#### YOUR INSTRUCTIONS:
Your copy starts at the line containing "Table conçue par" and ends at the last line below. Copy exactly, without pictures.

#### SUPPLIED MATERIAL:
::::::

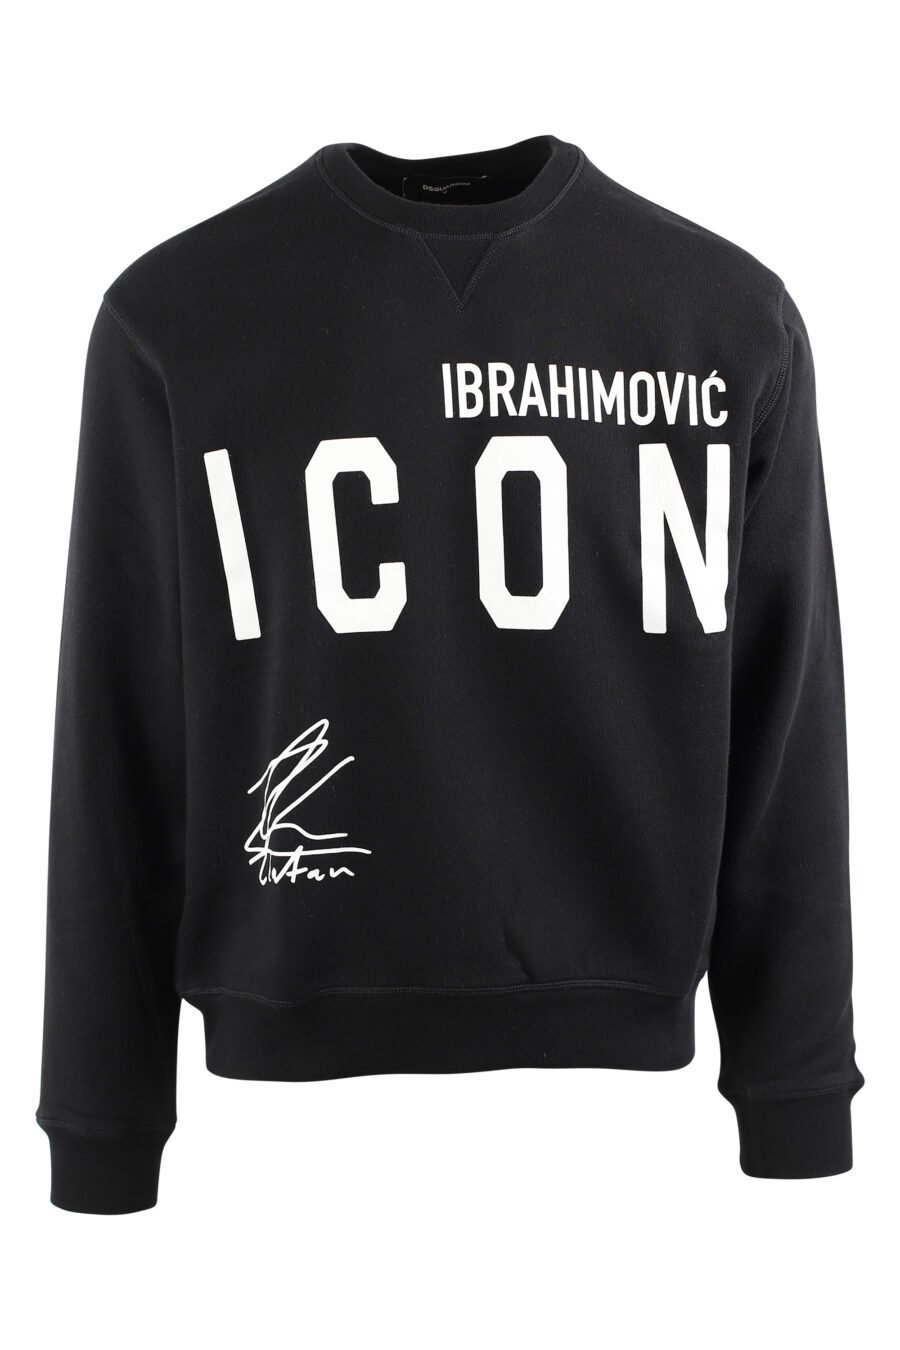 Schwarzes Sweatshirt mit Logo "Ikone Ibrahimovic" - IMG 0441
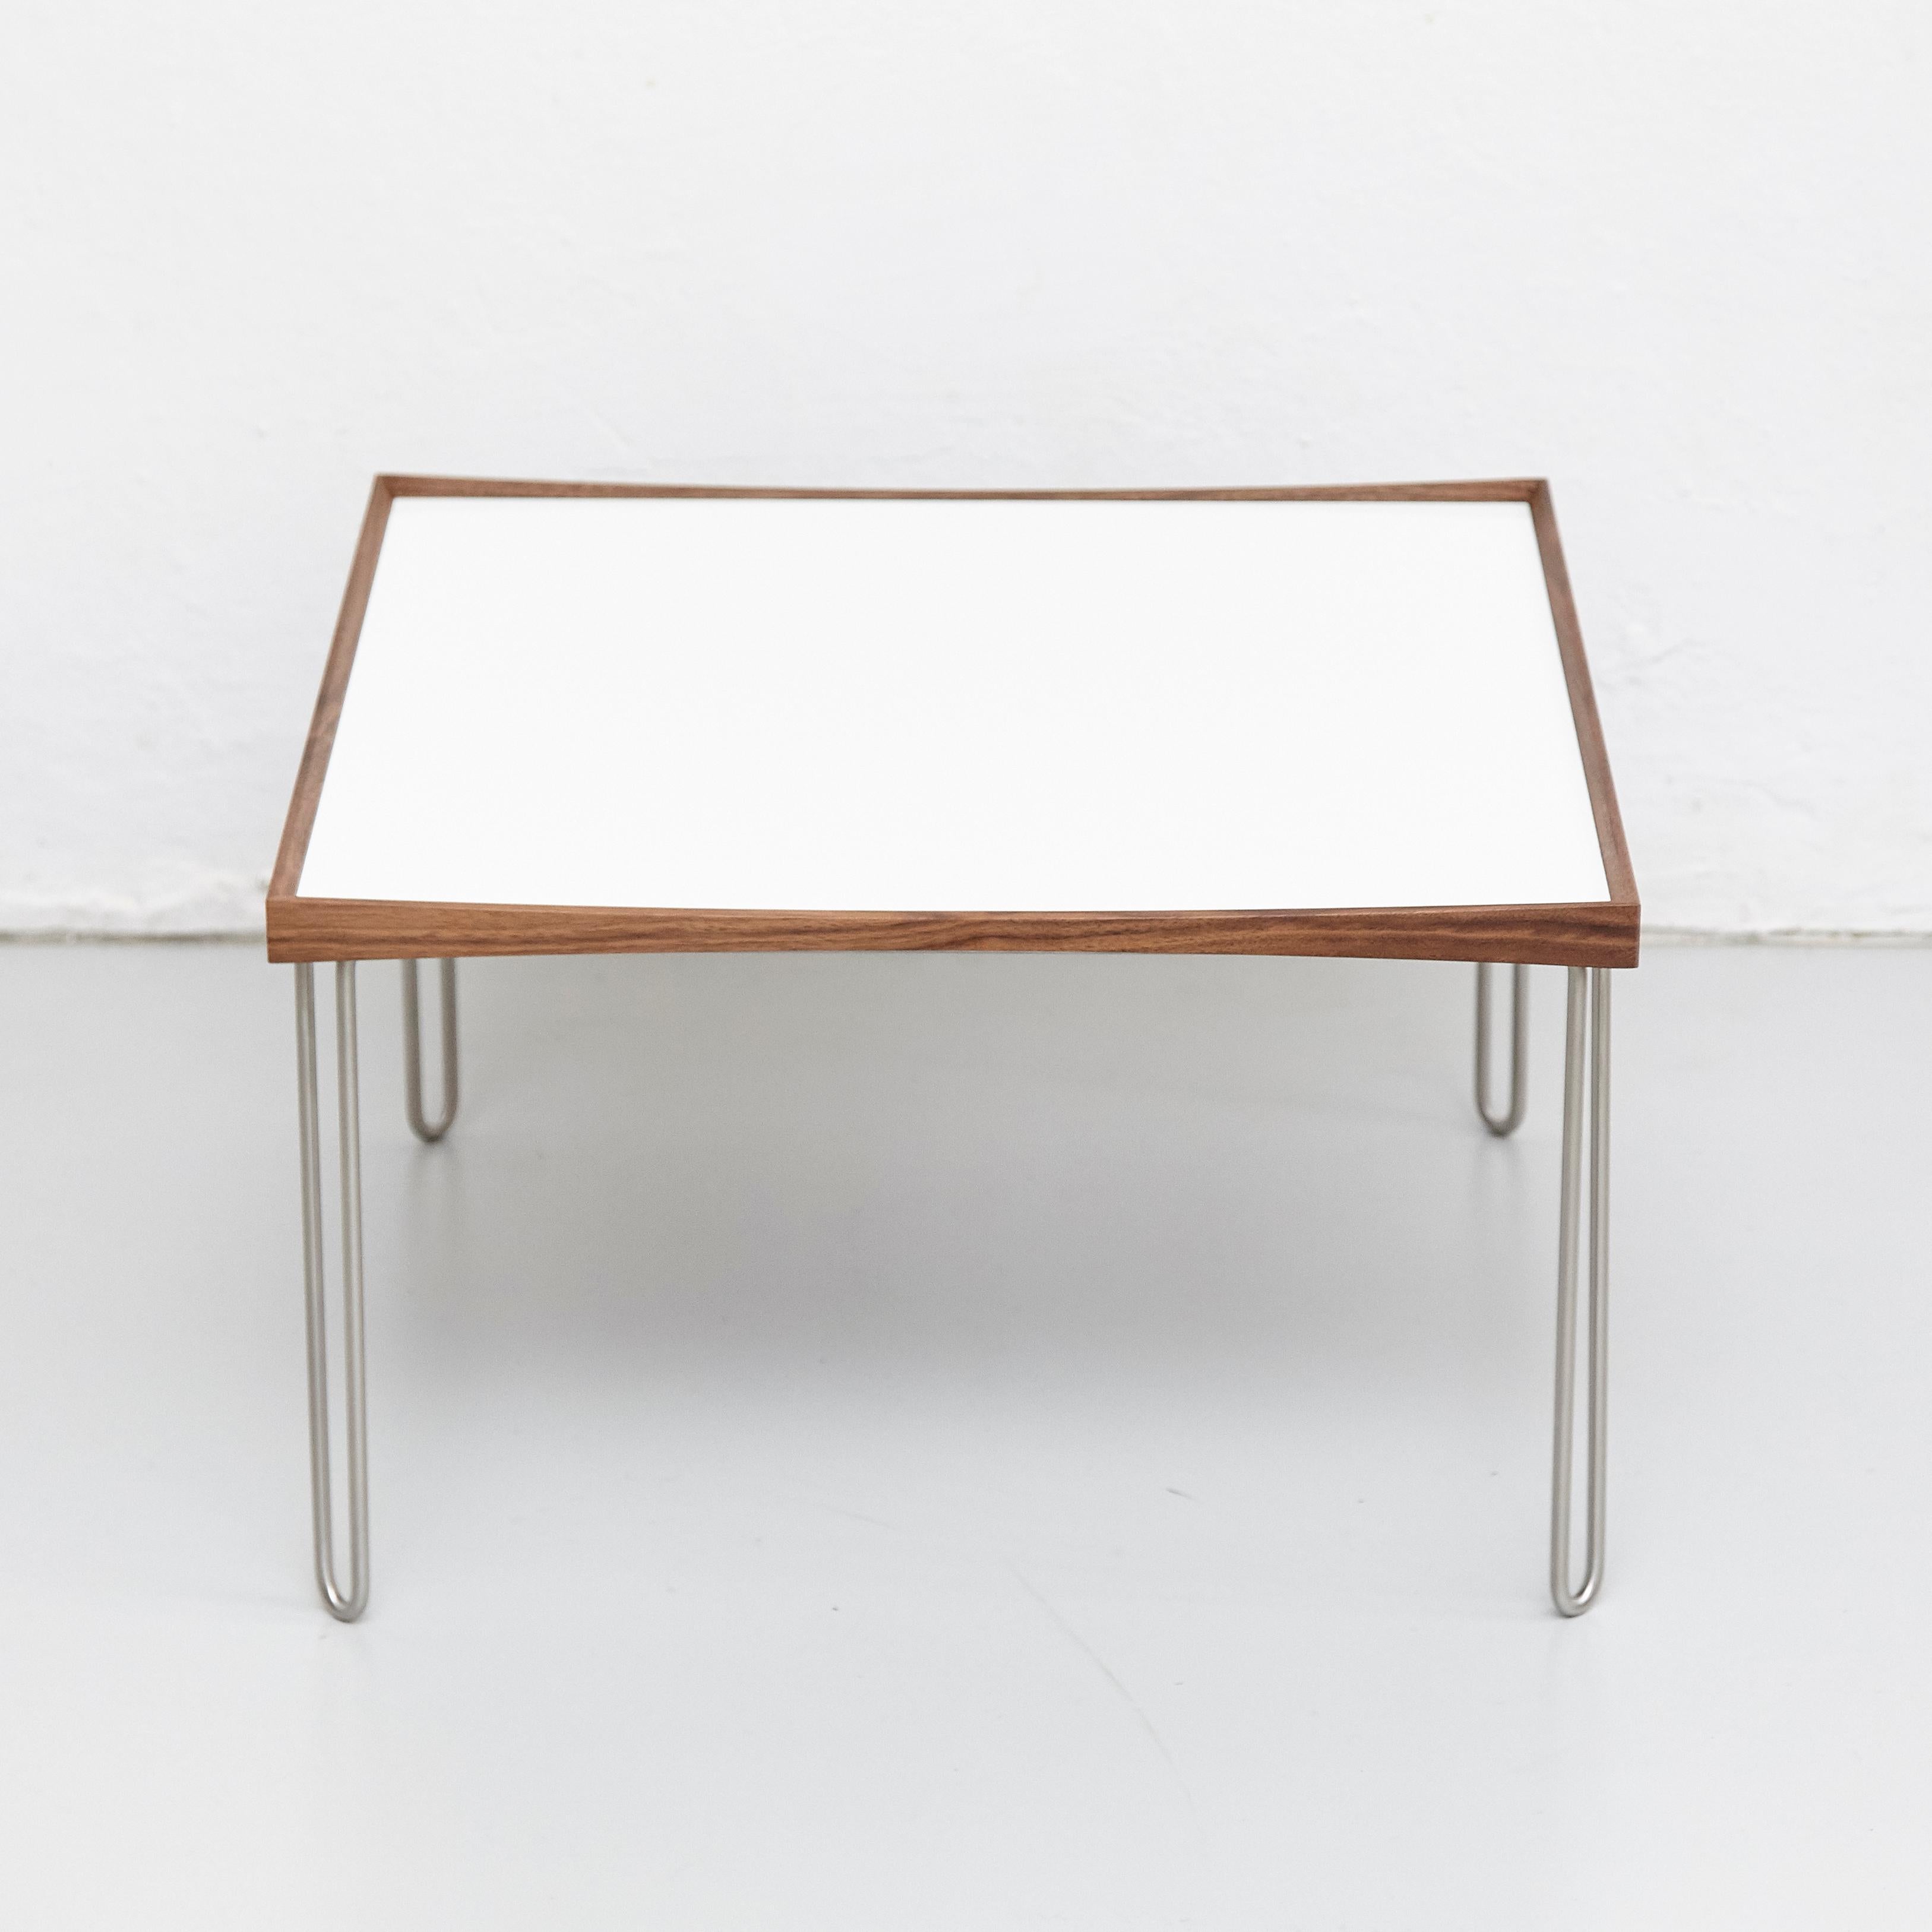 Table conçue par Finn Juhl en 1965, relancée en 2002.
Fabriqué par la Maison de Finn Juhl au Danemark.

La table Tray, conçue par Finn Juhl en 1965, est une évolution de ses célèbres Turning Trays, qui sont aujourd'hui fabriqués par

::::::

#### ANSWER TO THIS PROBLEM:
 Table conçue par Finn Juhl en 1965, relancée en 2002.
Fabriqué par la Maison de Finn Juhl au Danemark.

La table Tray, conçue par Finn Juhl en 1965, est une évolution de ses célèbres Turning Trays, qui sont aujourd'hui fabriqués par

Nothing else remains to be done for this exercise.